BRIEF: Once the line with "Grit O.G. Renegade" is found, repeat it and all later lines exactly through the end of the listing below, with the pictures left out.

SUPPLIED INFORMATION:
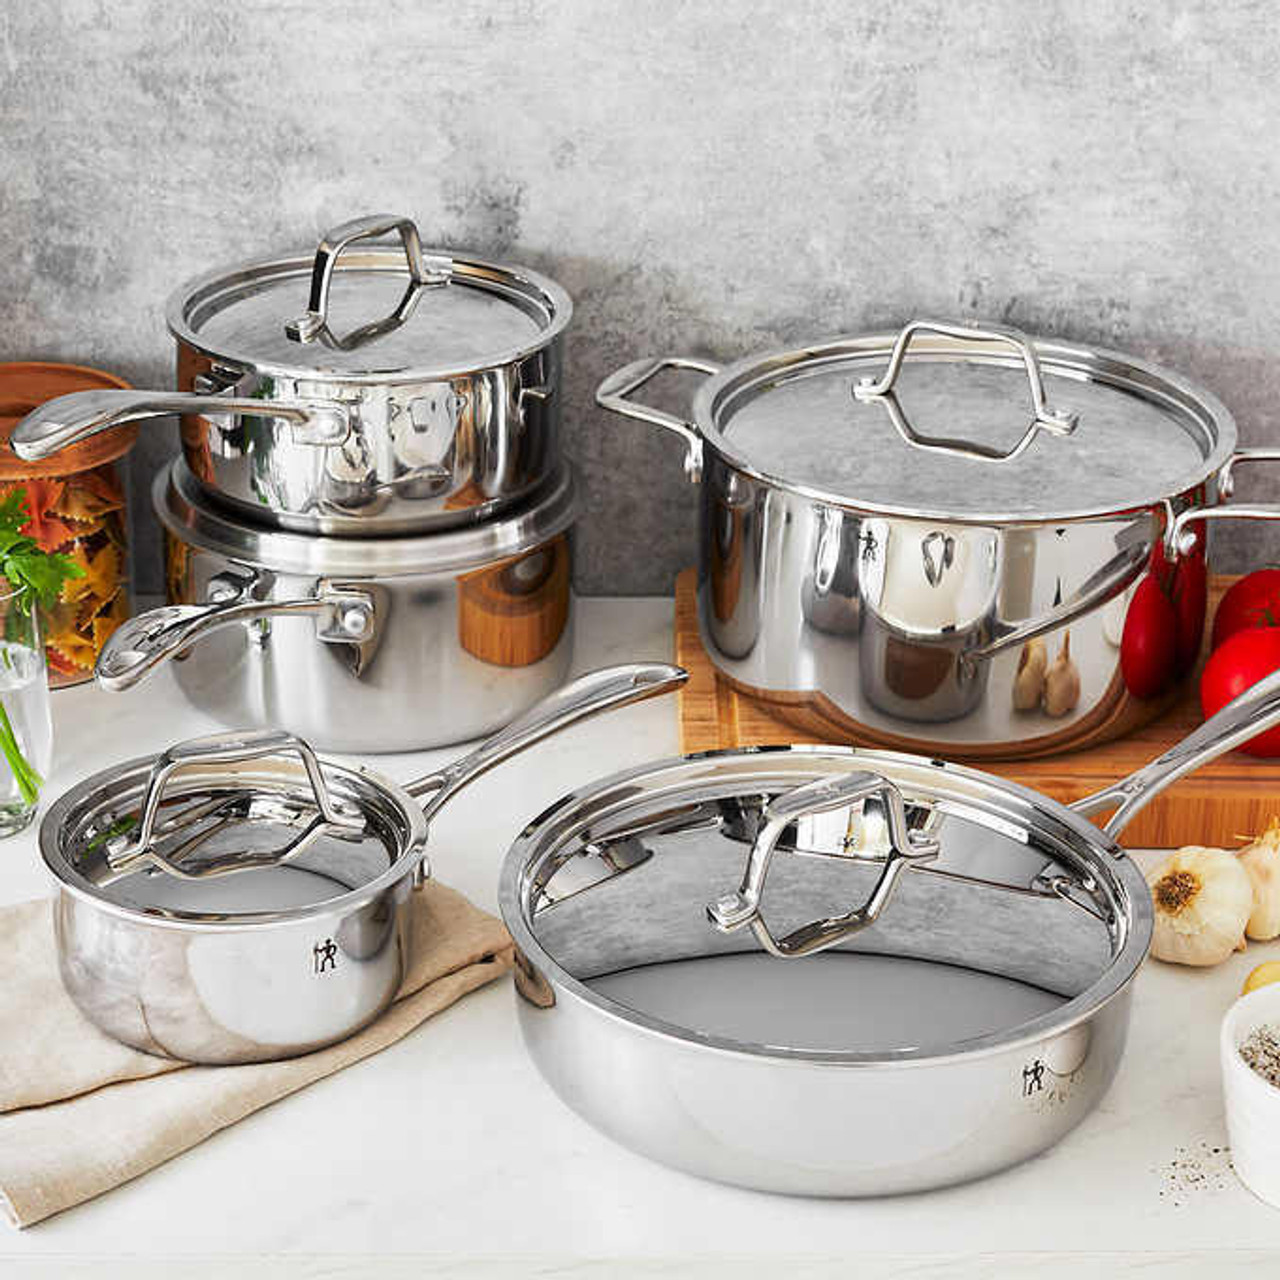 HENCKELS RealClad 5-ply Stainless Steel and Aluminum Clad Cookware
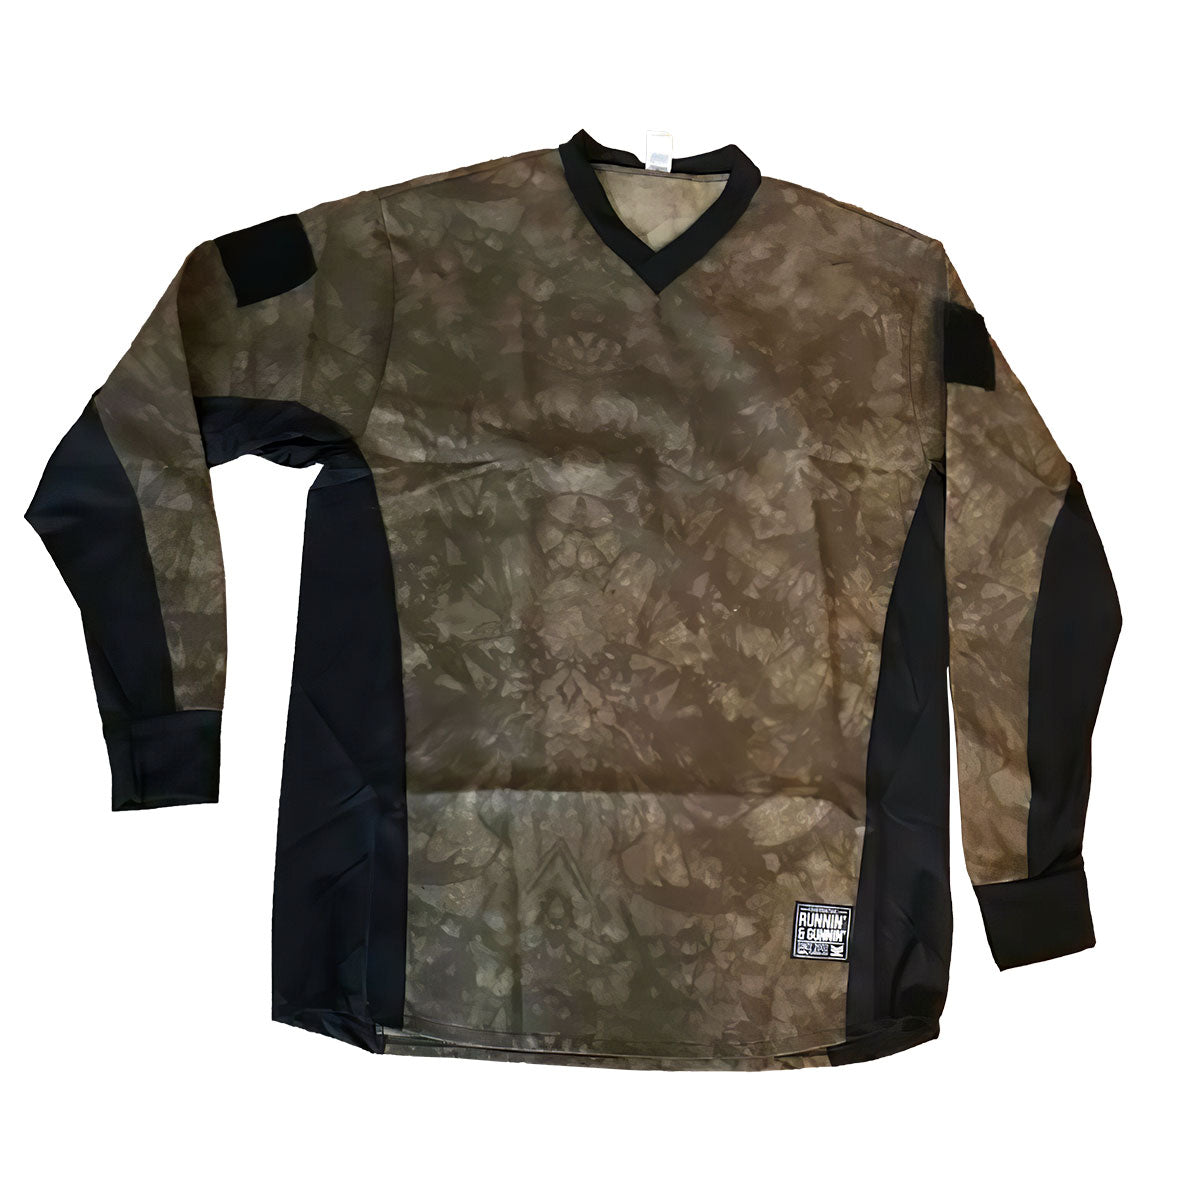 Grit O.G. Renegade Jersey, Brown Leaf | Social Paintball Jersey
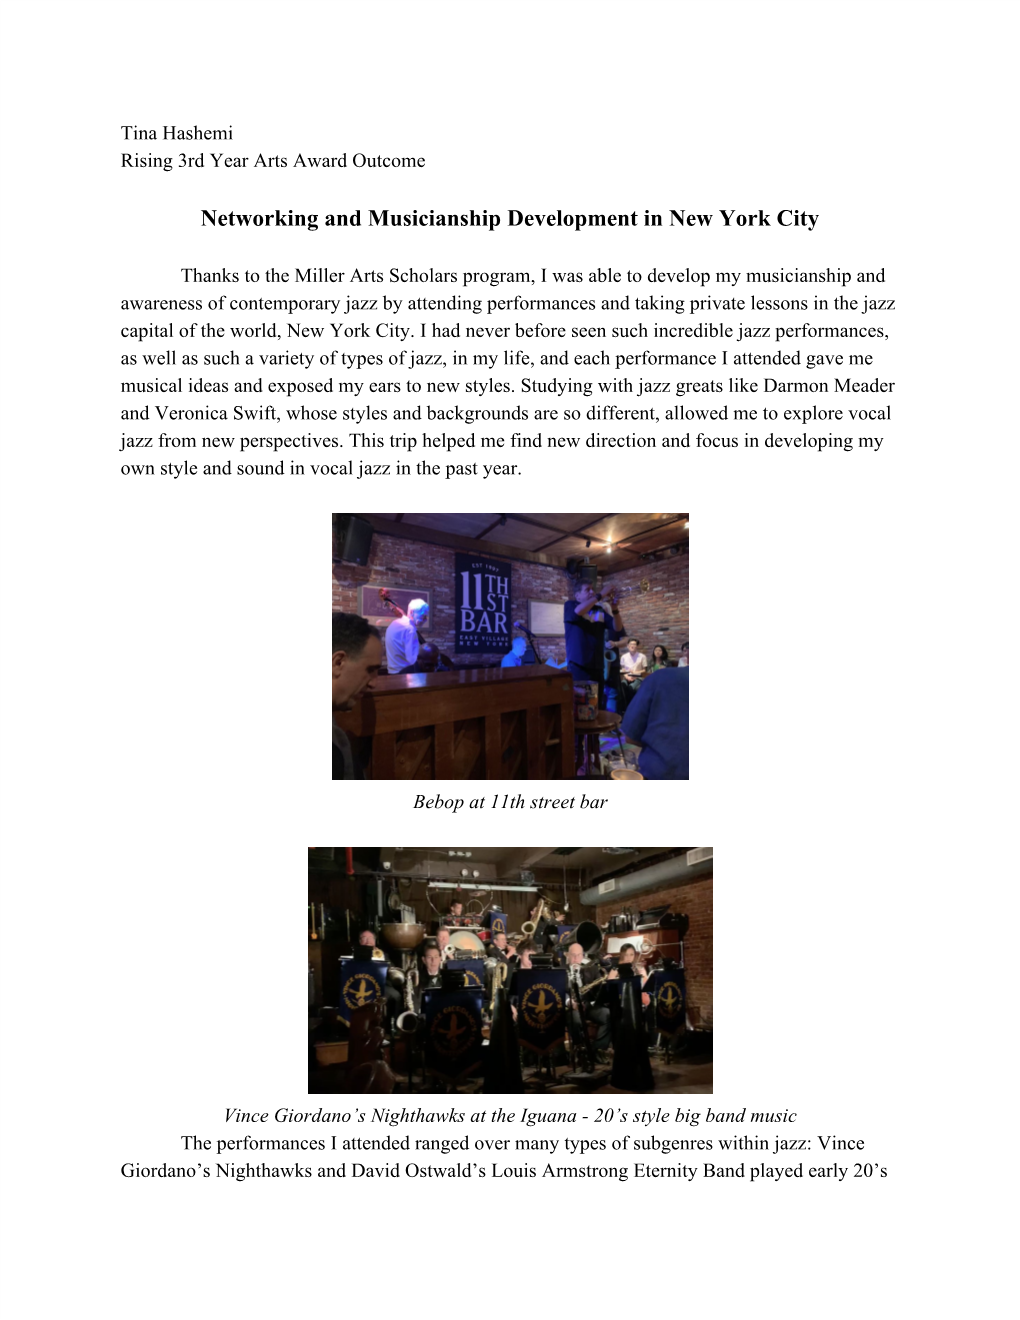 Networking and Musicianship Development in New York City

YOUR SOLUTION:
 Grit O.G. Renegade Jersey, Brown Leaf | Social Paintball Jersey
 Networking and Musicianship Development in New York City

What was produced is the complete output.